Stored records
━━━━━━━━━━━━━━━━

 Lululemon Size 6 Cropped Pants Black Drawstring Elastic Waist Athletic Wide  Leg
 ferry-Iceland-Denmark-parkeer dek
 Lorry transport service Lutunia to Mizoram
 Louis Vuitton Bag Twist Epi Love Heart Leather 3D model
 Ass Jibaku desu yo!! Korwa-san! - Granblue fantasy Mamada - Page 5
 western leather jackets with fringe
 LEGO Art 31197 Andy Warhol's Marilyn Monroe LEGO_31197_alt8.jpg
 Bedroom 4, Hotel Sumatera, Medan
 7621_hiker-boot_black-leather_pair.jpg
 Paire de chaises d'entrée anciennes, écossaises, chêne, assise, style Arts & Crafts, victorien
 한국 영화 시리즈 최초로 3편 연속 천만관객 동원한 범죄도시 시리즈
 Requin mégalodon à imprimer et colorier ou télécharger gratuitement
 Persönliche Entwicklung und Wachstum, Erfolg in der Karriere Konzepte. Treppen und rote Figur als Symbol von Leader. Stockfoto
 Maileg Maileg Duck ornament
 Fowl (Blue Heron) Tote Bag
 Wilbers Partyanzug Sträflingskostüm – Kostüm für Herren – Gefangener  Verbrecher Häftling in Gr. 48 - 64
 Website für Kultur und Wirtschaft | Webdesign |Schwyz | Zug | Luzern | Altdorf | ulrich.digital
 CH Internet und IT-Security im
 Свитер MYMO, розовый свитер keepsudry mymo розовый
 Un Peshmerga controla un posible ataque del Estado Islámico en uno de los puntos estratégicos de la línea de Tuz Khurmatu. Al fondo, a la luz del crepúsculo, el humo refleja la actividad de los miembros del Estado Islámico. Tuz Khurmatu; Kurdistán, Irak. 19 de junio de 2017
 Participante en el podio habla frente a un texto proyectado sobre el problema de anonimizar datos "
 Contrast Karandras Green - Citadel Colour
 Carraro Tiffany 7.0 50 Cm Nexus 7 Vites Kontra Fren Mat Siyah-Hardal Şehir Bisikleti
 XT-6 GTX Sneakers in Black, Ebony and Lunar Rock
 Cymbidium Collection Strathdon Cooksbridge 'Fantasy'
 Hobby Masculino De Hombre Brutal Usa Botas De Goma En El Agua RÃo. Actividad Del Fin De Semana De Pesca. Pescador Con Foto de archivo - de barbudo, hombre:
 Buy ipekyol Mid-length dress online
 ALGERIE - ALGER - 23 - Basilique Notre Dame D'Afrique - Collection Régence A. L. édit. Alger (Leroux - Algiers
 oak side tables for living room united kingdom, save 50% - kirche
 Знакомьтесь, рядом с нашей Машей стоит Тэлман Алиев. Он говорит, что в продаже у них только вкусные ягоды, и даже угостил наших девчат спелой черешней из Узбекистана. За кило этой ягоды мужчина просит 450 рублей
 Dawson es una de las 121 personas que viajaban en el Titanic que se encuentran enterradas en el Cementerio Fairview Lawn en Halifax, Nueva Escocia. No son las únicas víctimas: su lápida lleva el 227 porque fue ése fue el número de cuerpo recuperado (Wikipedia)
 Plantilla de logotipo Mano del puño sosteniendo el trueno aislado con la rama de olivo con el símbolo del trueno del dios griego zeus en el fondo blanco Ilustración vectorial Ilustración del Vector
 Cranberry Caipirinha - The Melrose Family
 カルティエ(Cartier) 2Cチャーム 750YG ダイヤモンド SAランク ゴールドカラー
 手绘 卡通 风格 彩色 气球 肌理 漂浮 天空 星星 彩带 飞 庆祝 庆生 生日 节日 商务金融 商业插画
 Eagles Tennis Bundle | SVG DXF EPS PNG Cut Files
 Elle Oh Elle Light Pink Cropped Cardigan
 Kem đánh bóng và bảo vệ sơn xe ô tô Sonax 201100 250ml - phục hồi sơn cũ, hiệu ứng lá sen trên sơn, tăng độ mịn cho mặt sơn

━━━━━━━━━━━━━━━━

The required output is the stretch of entries above from the line containing "Bedroom 4, Hotel Sumatera, Medan" through the line containing "CH Internet und IT-Security im", reproduced exactly.

■ **WRITTEN ANSWER**
 Bedroom 4, Hotel Sumatera, Medan
 7621_hiker-boot_black-leather_pair.jpg
 Paire de chaises d'entrée anciennes, écossaises, chêne, assise, style Arts & Crafts, victorien
 한국 영화 시리즈 최초로 3편 연속 천만관객 동원한 범죄도시 시리즈
 Requin mégalodon à imprimer et colorier ou télécharger gratuitement
 Persönliche Entwicklung und Wachstum, Erfolg in der Karriere Konzepte. Treppen und rote Figur als Symbol von Leader. Stockfoto
 Maileg Maileg Duck ornament
 Fowl (Blue Heron) Tote Bag
 Wilbers Partyanzug Sträflingskostüm – Kostüm für Herren – Gefangener  Verbrecher Häftling in Gr. 48 - 64
 Website für Kultur und Wirtschaft | Webdesign |Schwyz | Zug | Luzern | Altdorf | ulrich.digital
 CH Internet und IT-Security im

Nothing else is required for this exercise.